= Beginning of Section =

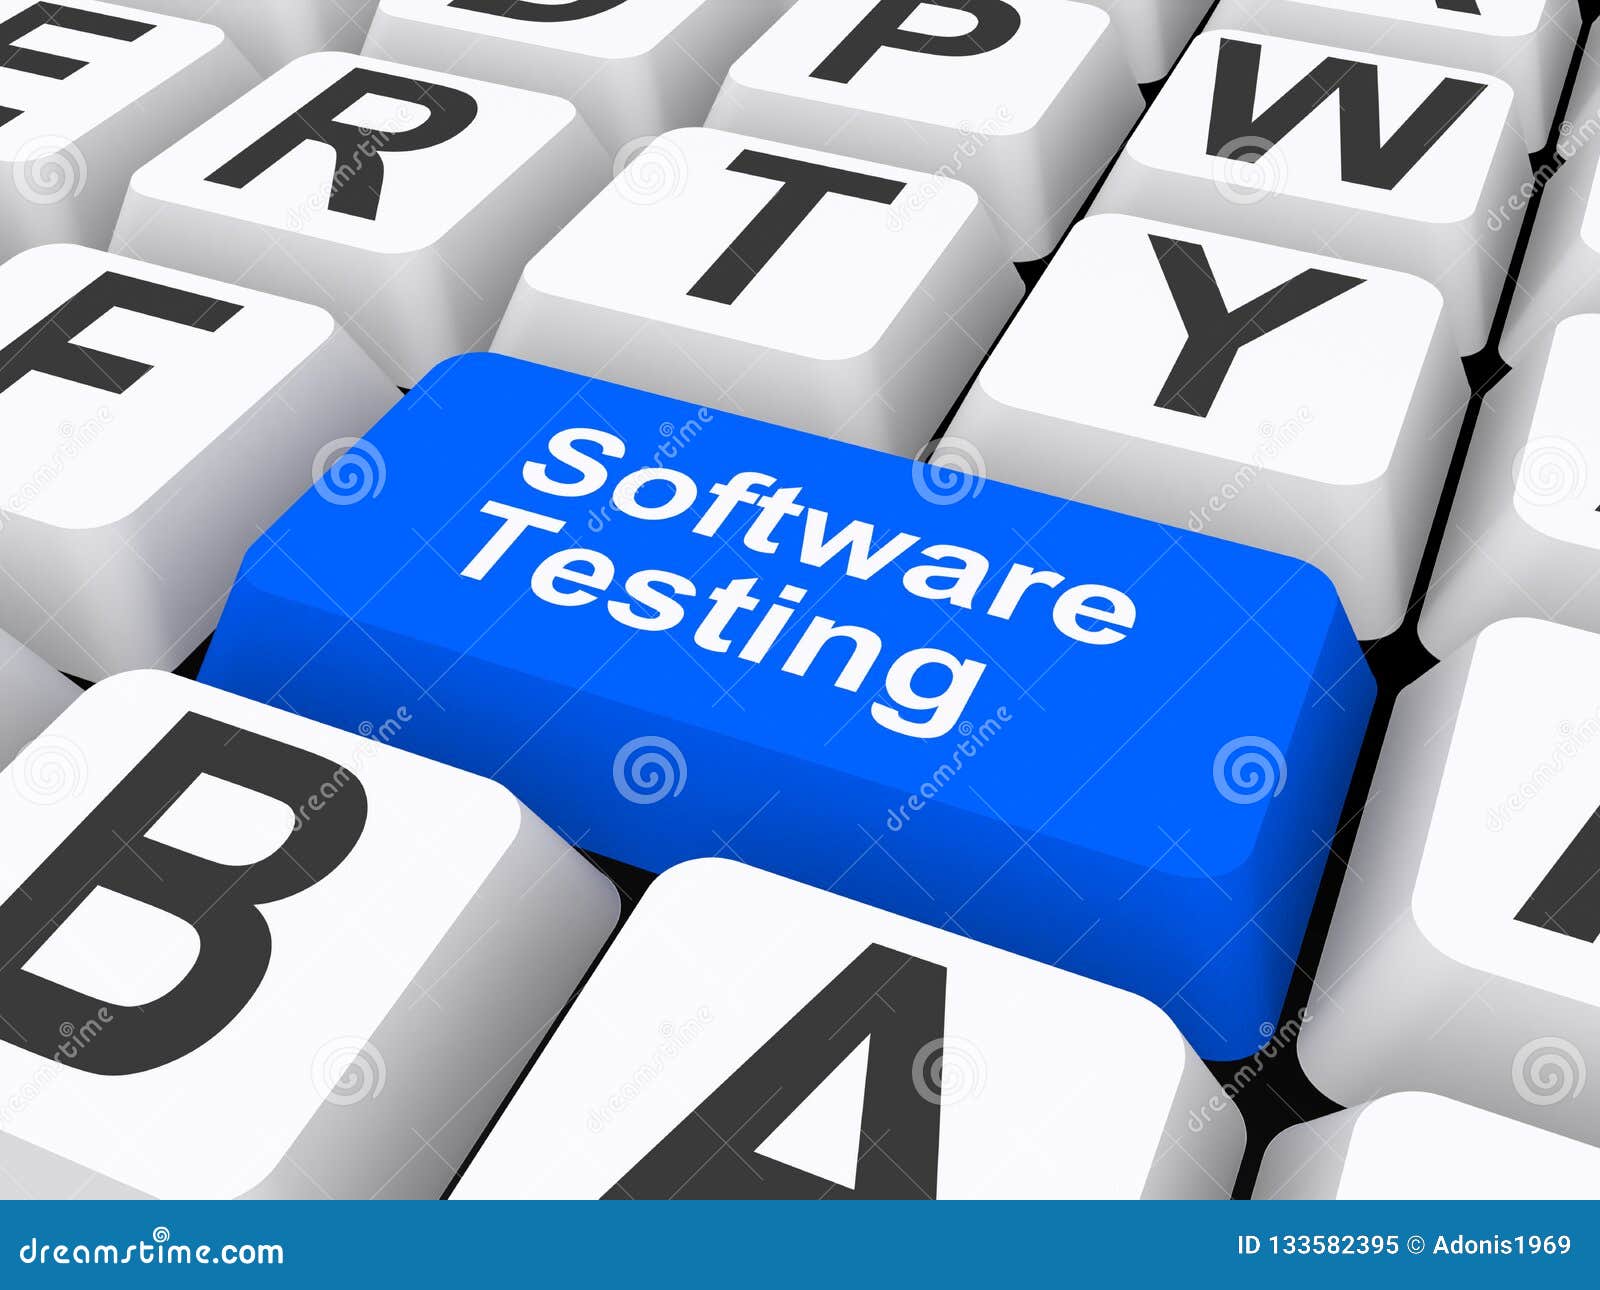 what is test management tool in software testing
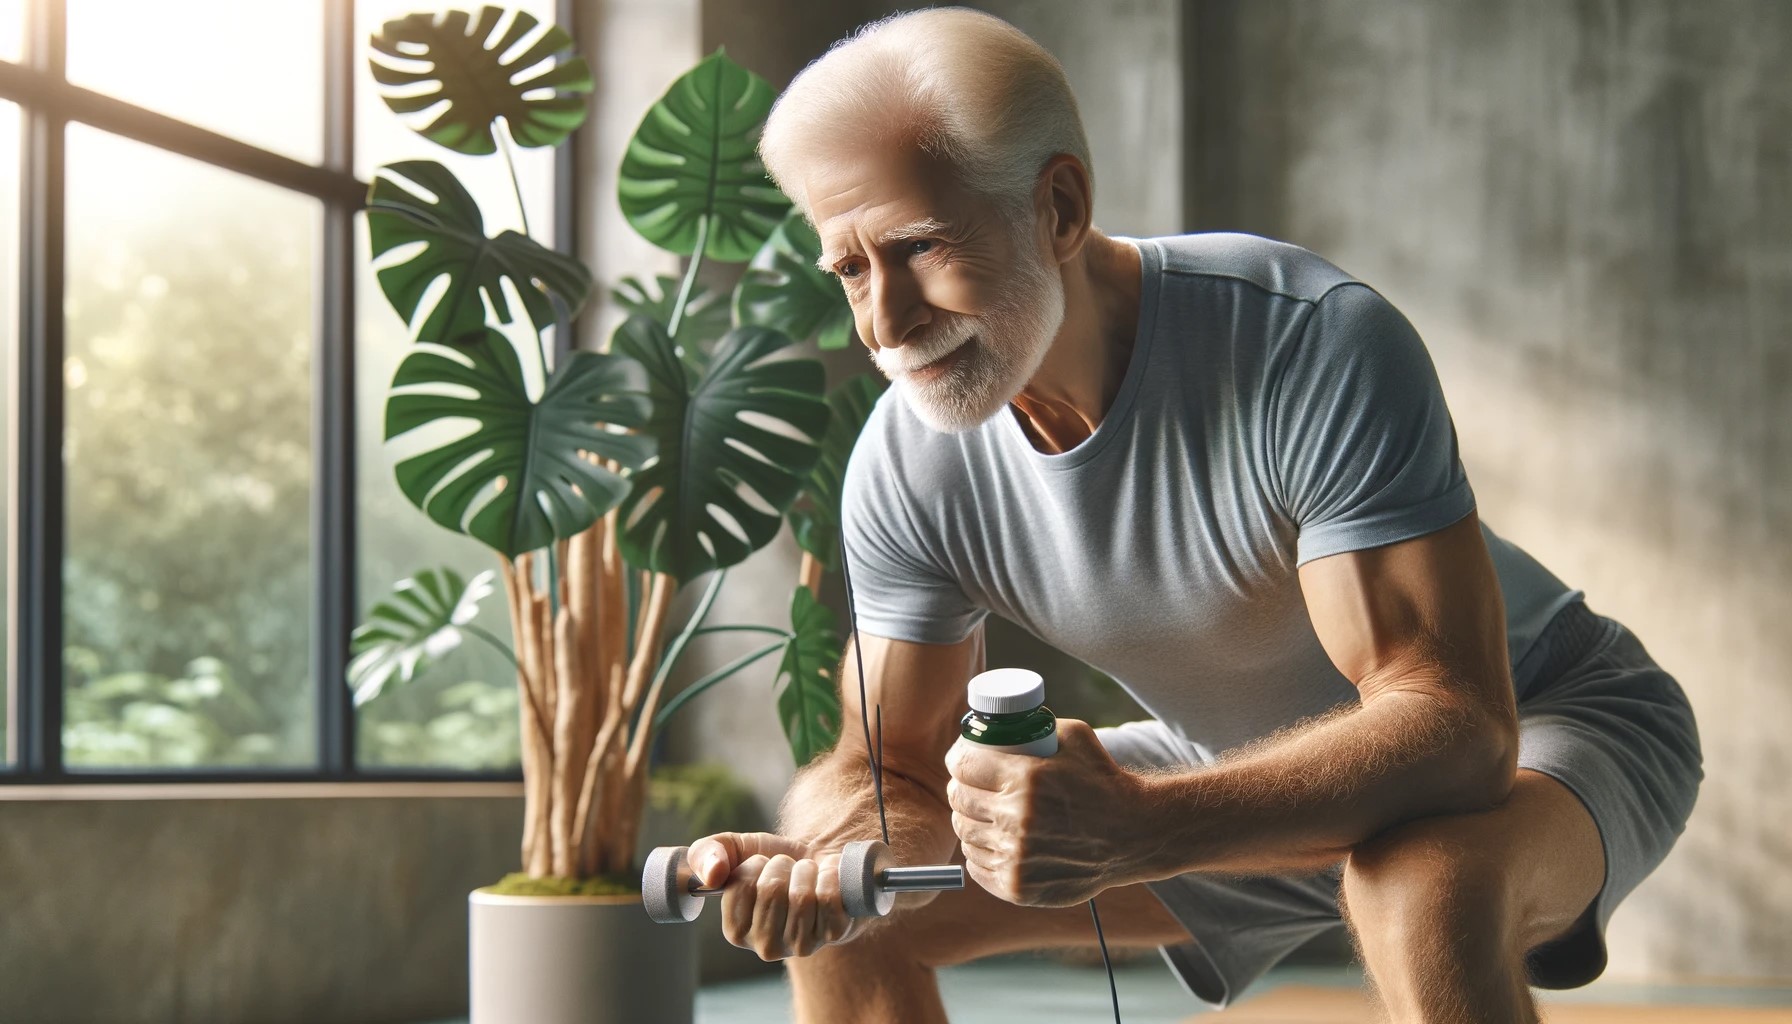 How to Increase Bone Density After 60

= End of Section =
= Beginning of Section =

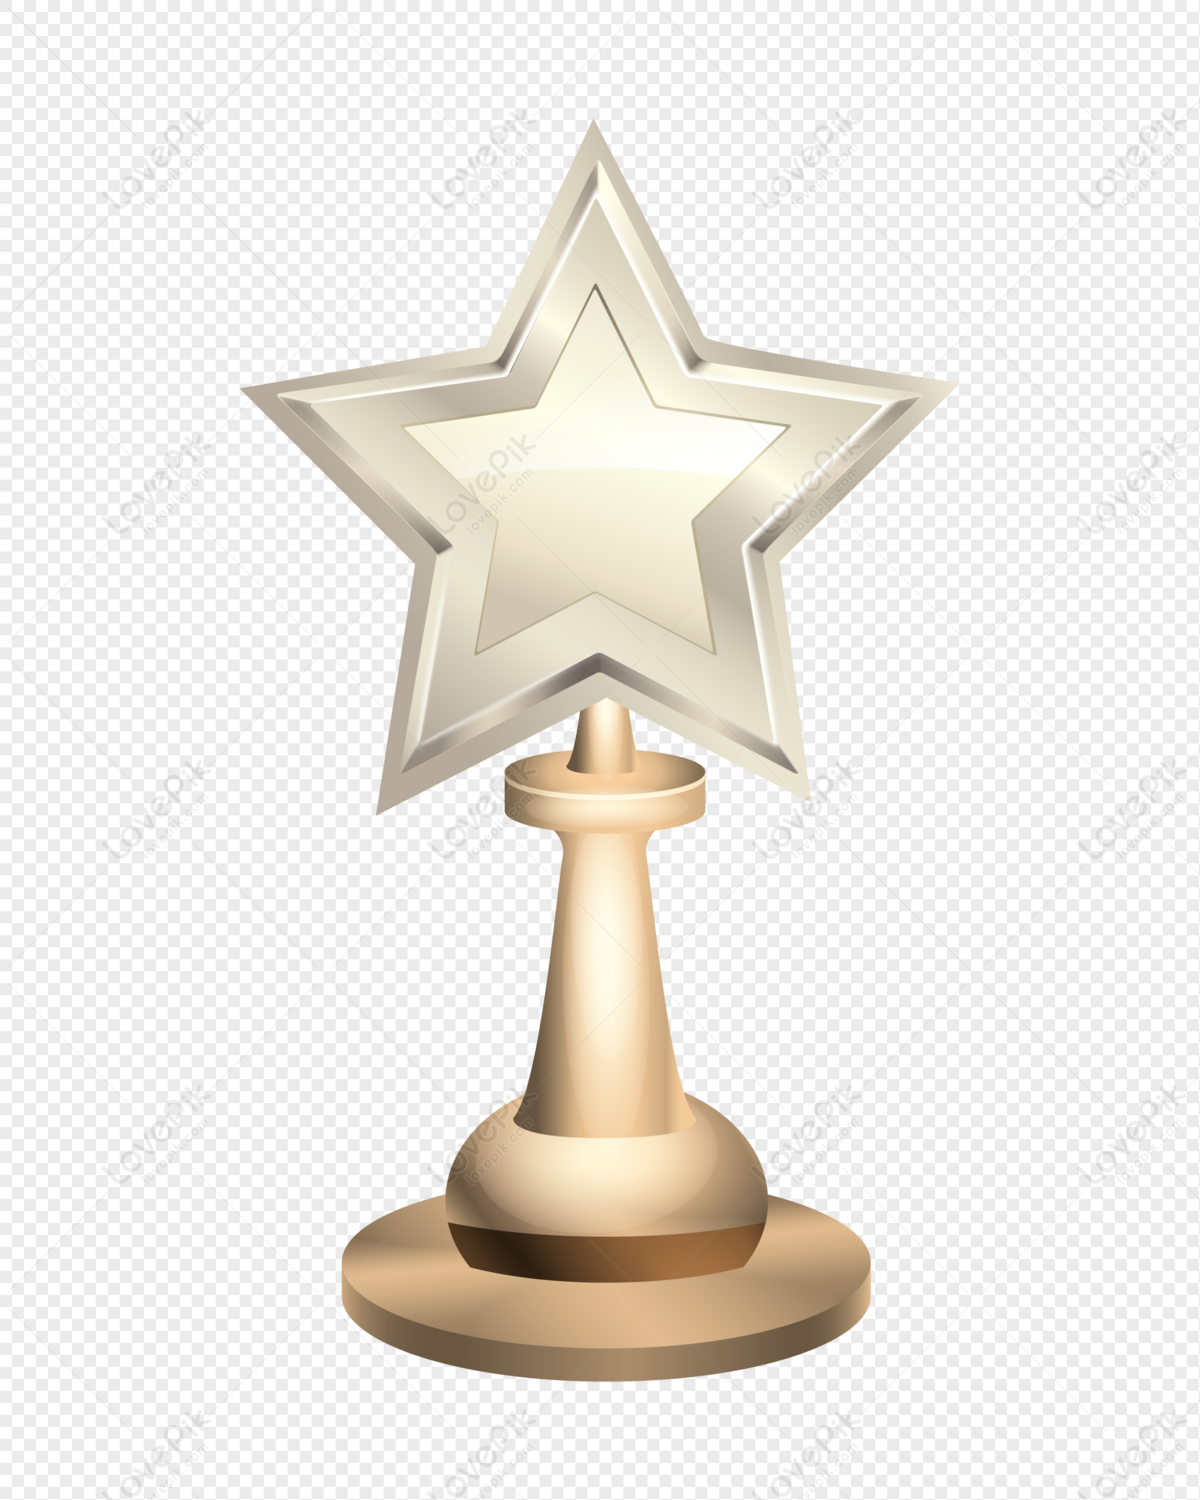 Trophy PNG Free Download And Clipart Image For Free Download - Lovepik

= End of Section =

PROMPT: The copy should hold only the lines from the one with "what is test" through the one with "How to Increase Bone Density After 60", exactly as they stand above. Leave out the pictures.

THE ANSWER:
 what is test management tool in software testing
 How to Increase Bone Density After 60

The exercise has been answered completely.